Directions: Pictures excluded, retype the lines from the one containing "Intel 31154 manual" through the last line of the data below, both included.

Collected material:
* * * *

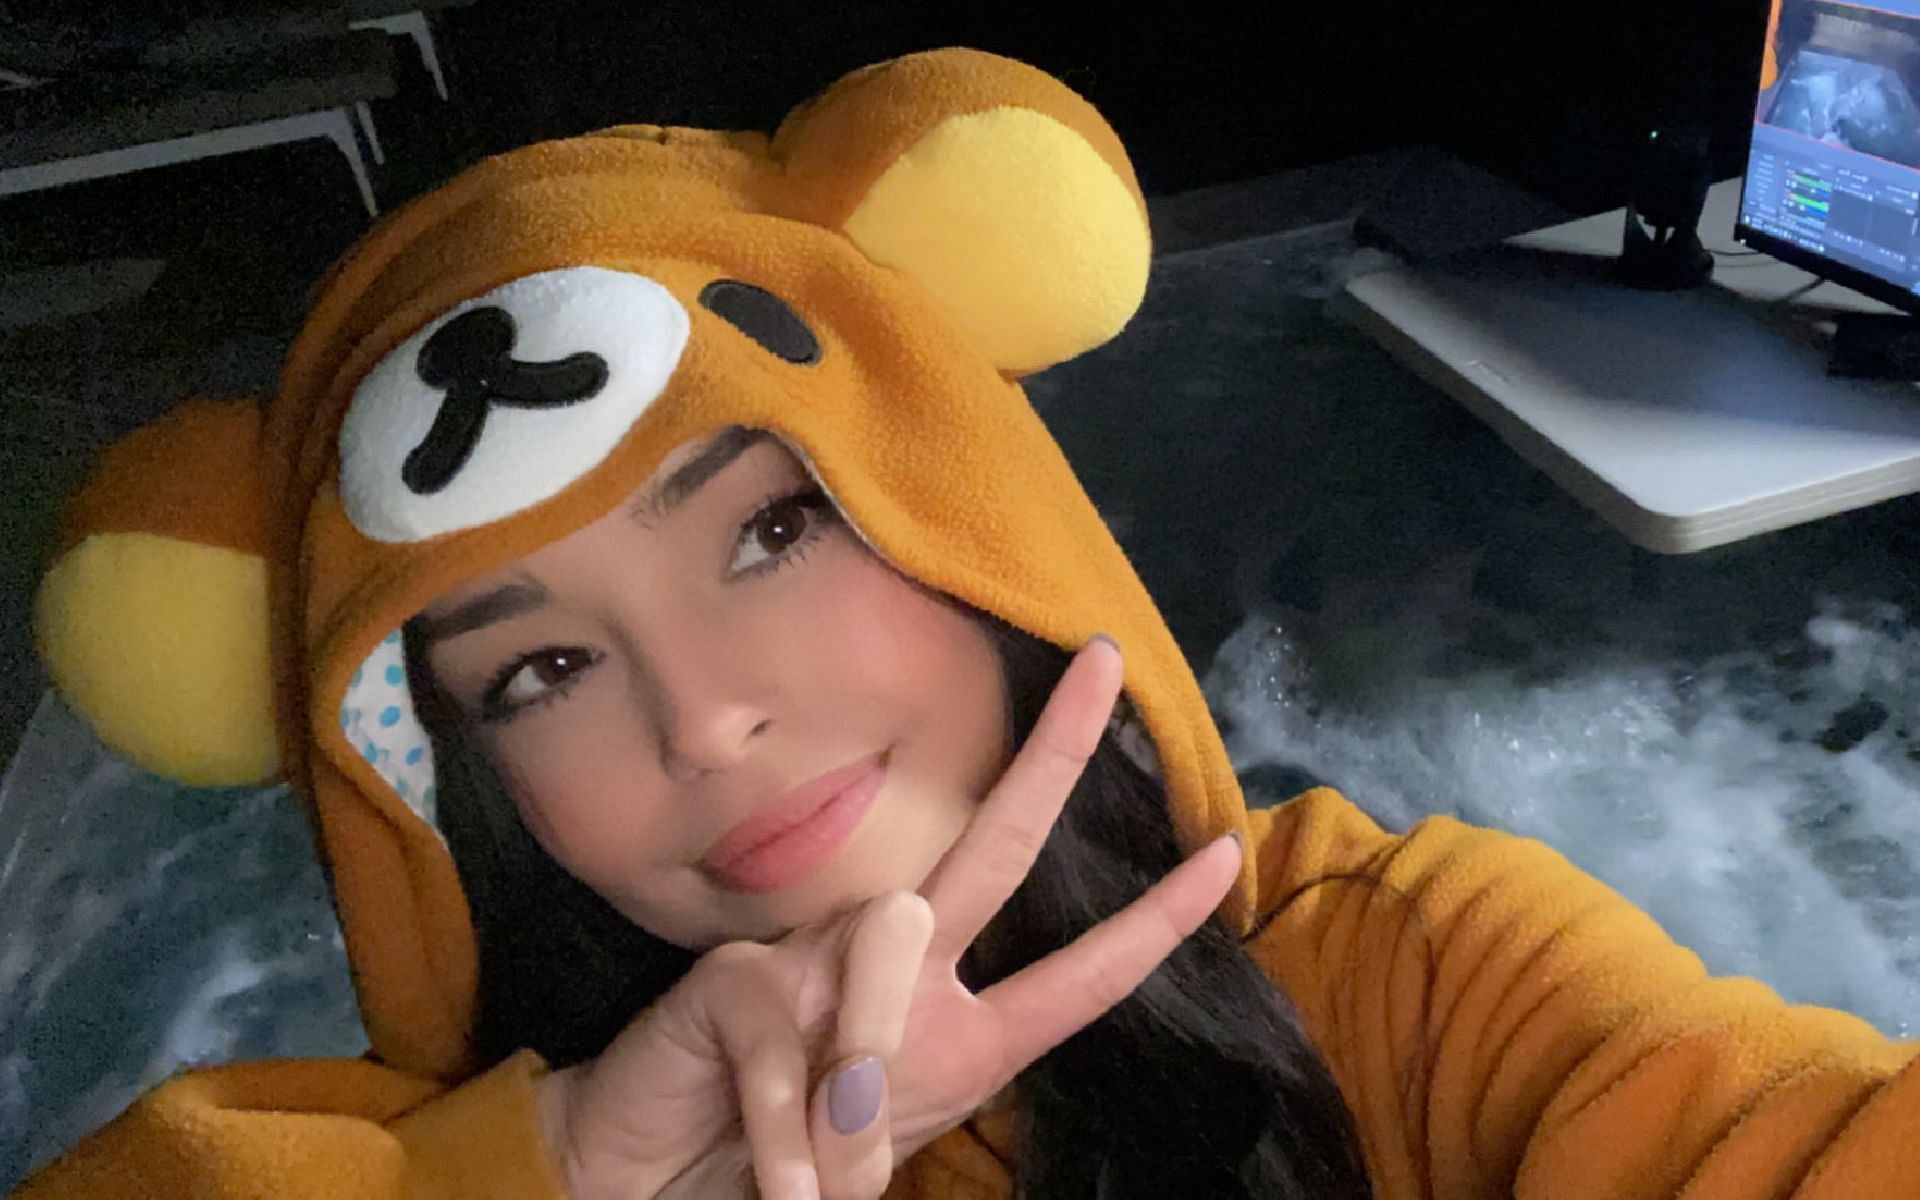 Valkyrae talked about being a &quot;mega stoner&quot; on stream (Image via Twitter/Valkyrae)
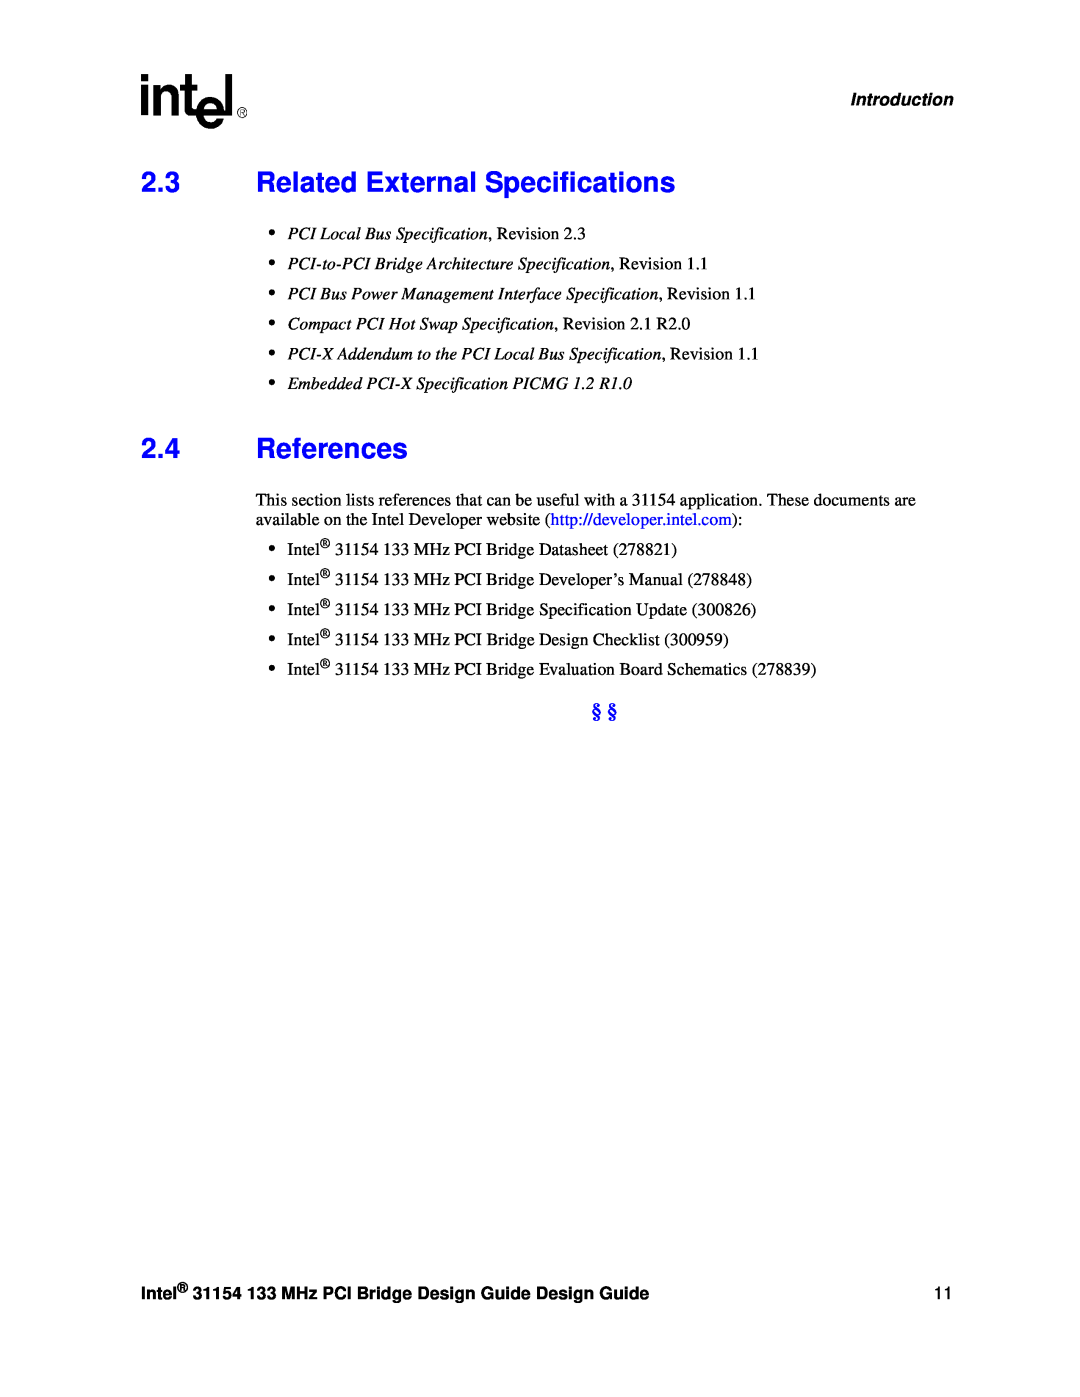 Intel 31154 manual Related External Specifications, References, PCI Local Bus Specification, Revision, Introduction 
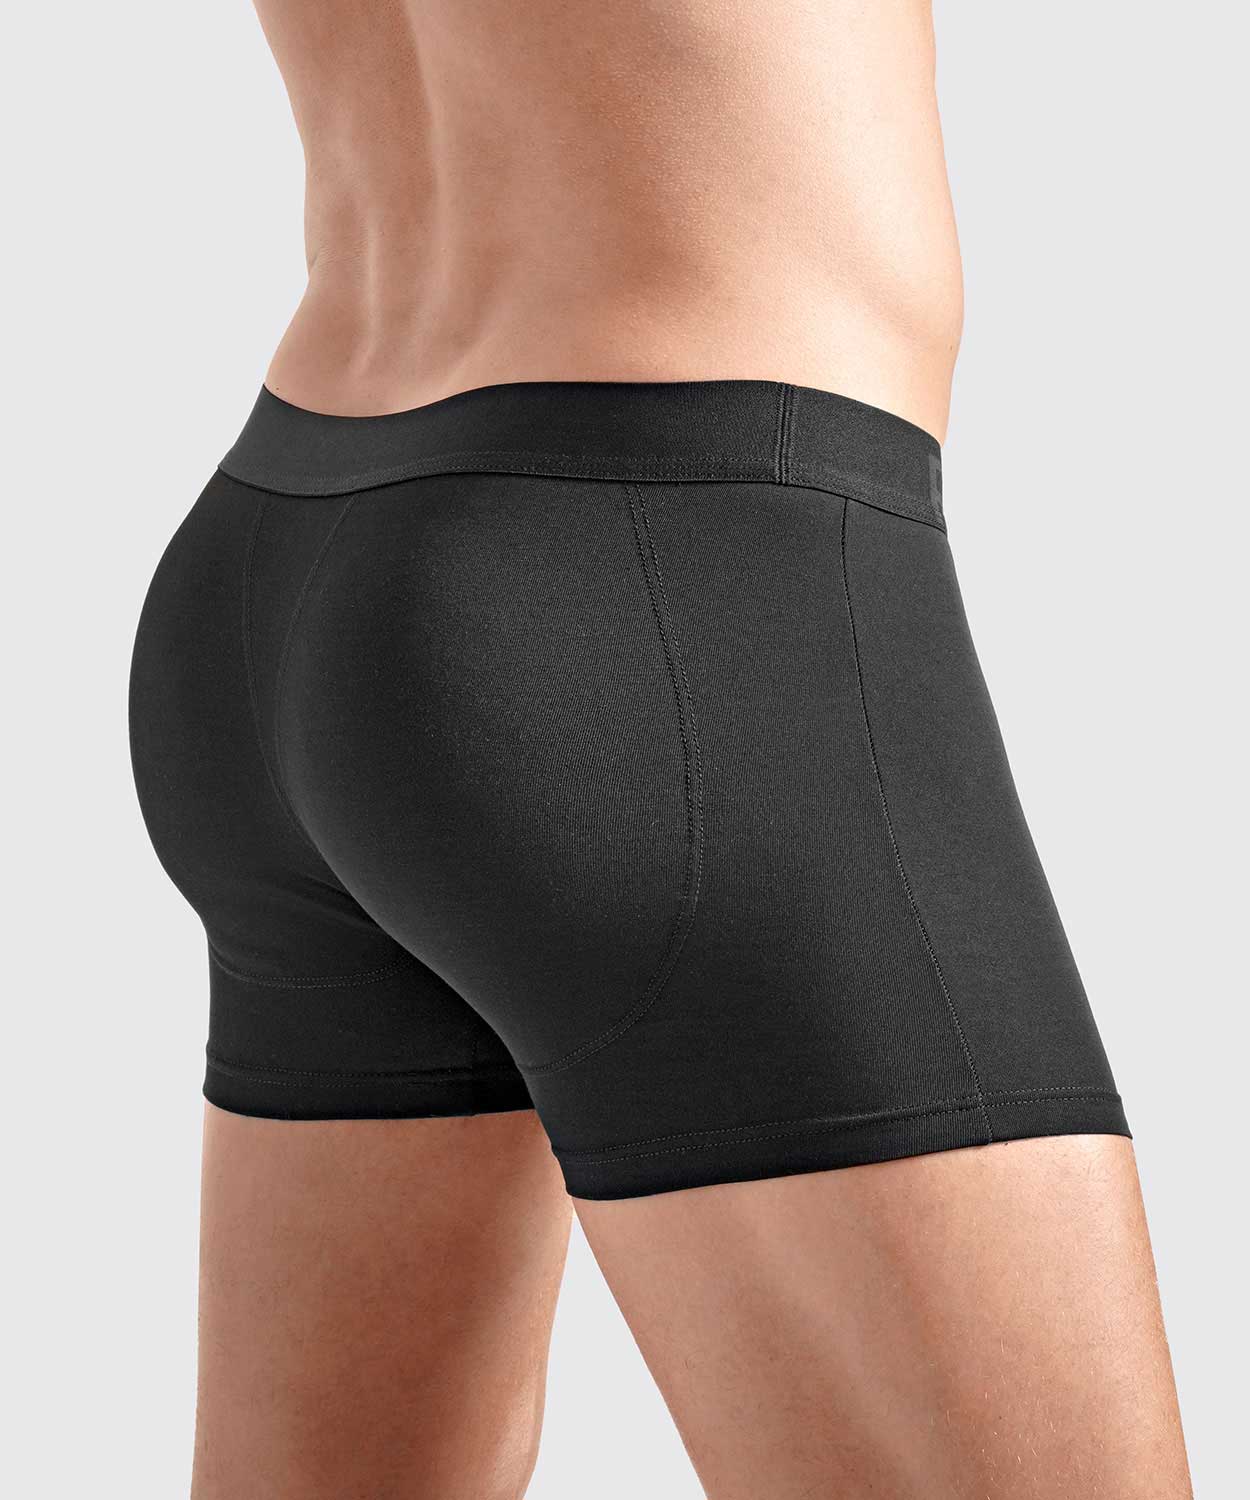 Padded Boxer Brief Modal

* * * *

Result:
 Intel 31154 manual Related External Specifications, References, PCI Local Bus Specification, Revision, Introduction 
 Padded Boxer Brief Modal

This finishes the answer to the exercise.